Model for population density estimation

Question

A database of (population, area, shape) can be used to map population density by assigning a constant value of population/area to each shape (which is a polygon such as a Census block, tract, county, state, whatever). Populations are usually not uniformly distributed within their polygons, however. Dasymetric mapping is the process of refining these density estimates by means of auxiliary data. It is an important problem in the social sciences as this recent review indicates.

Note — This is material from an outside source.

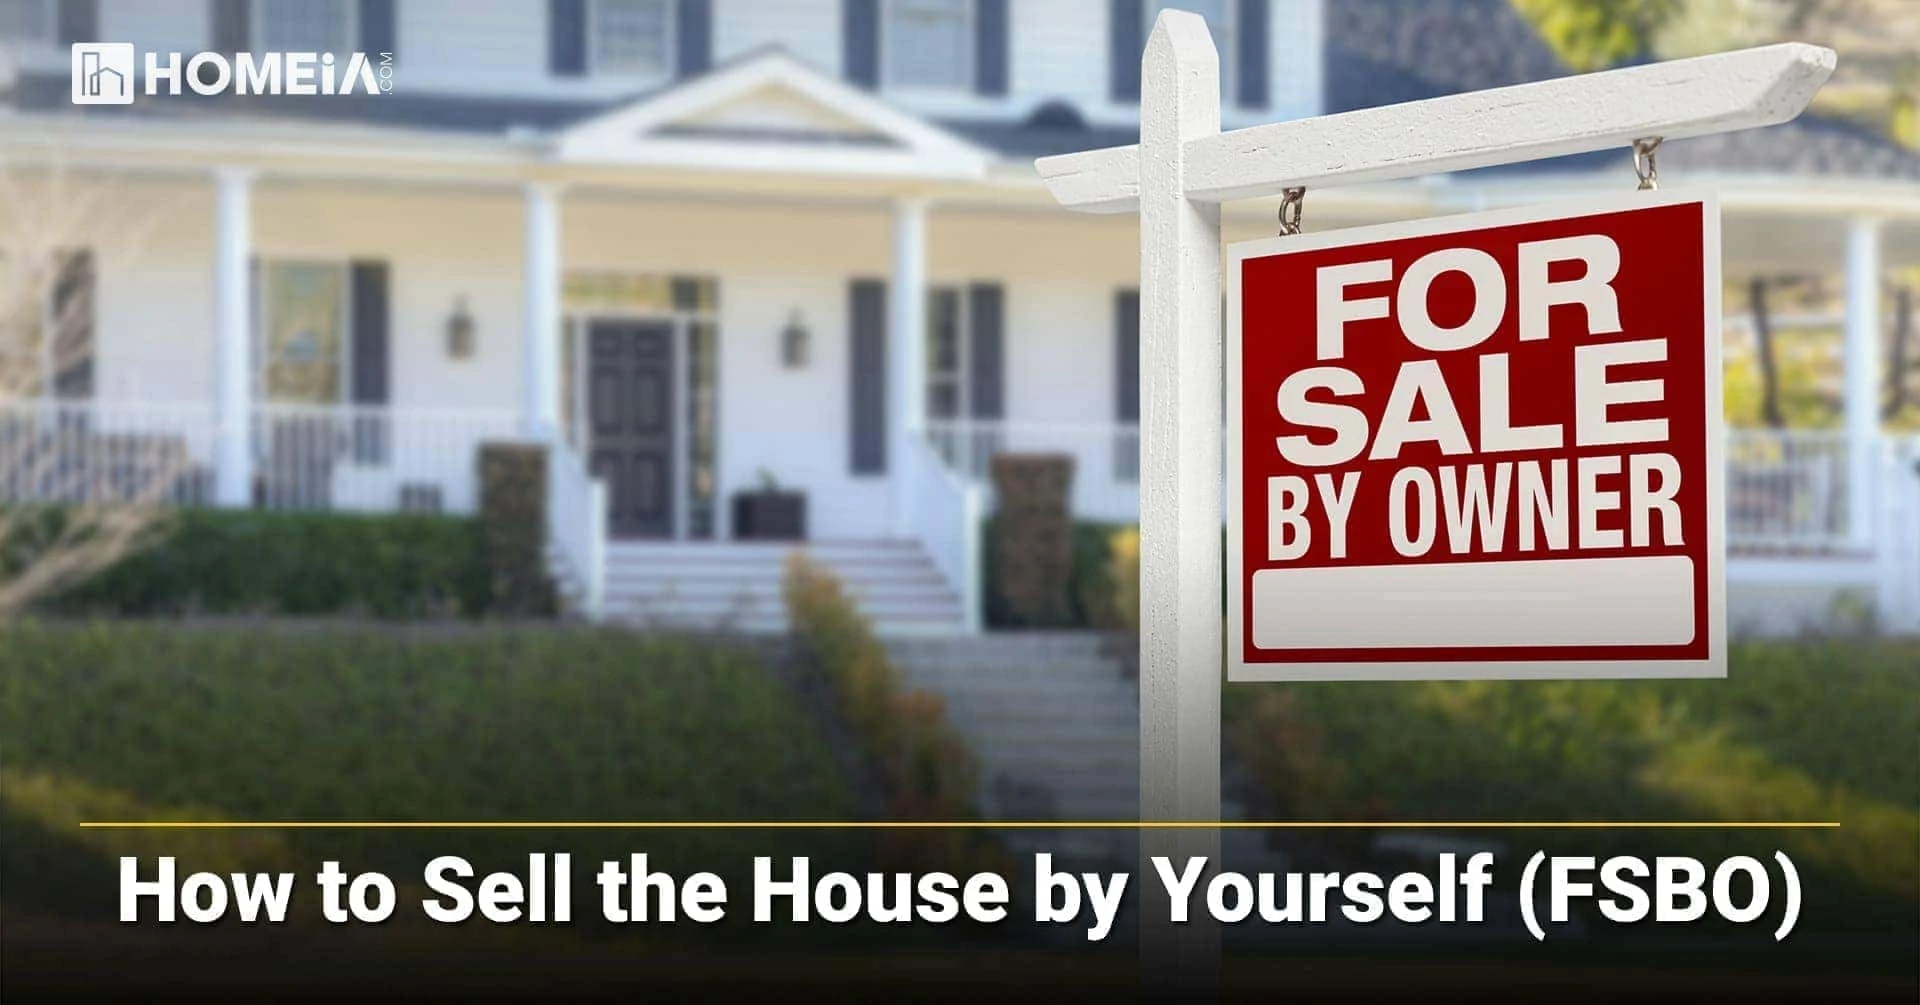 How to Sell the House by Yourself (FSBO)

Suppose, then, that we have available an auxiliary map of land cover (or any other discrete factor). In the simplest case we can use obviously uninhabitable areas like waterbodies to delineate where the population isn't and, accordingly, assign all the population to the remaining areas. More generally, each Census unit $j$ is carved into $k$ portions having surface areas $x_{ji}$, $i = 1, 2, \ldots, k$. Our dataset is thereby augmented to a list of tuples

$$(y_{j}, x_{j1}, x_{j2}, \ldots, x_{jk})$$

where $y_{j}$ is the population (assumed measured without error) in unit $j$ and--although this is not strictly the case--we may assume every $x_{ji}$ is also exactly measured. In these terms, the objective is to partition each $y_{j}$ into a sum

$$ y_j = z_{j1} + z_{j2} + \cdots + z_{jk} $$

where each $z_{ji} \ge 0$ and $z_{ji}$ estimates the population within unit $j$ residing in land cover class $i$. The estimates need to be unbiased. This partition refines the population density map by assigning the density $z_{ji}/x_{ji}$ to the intersection of the $j^{\text{th}}$ Census polygon and the $i^{\text{th}}$ land cover class.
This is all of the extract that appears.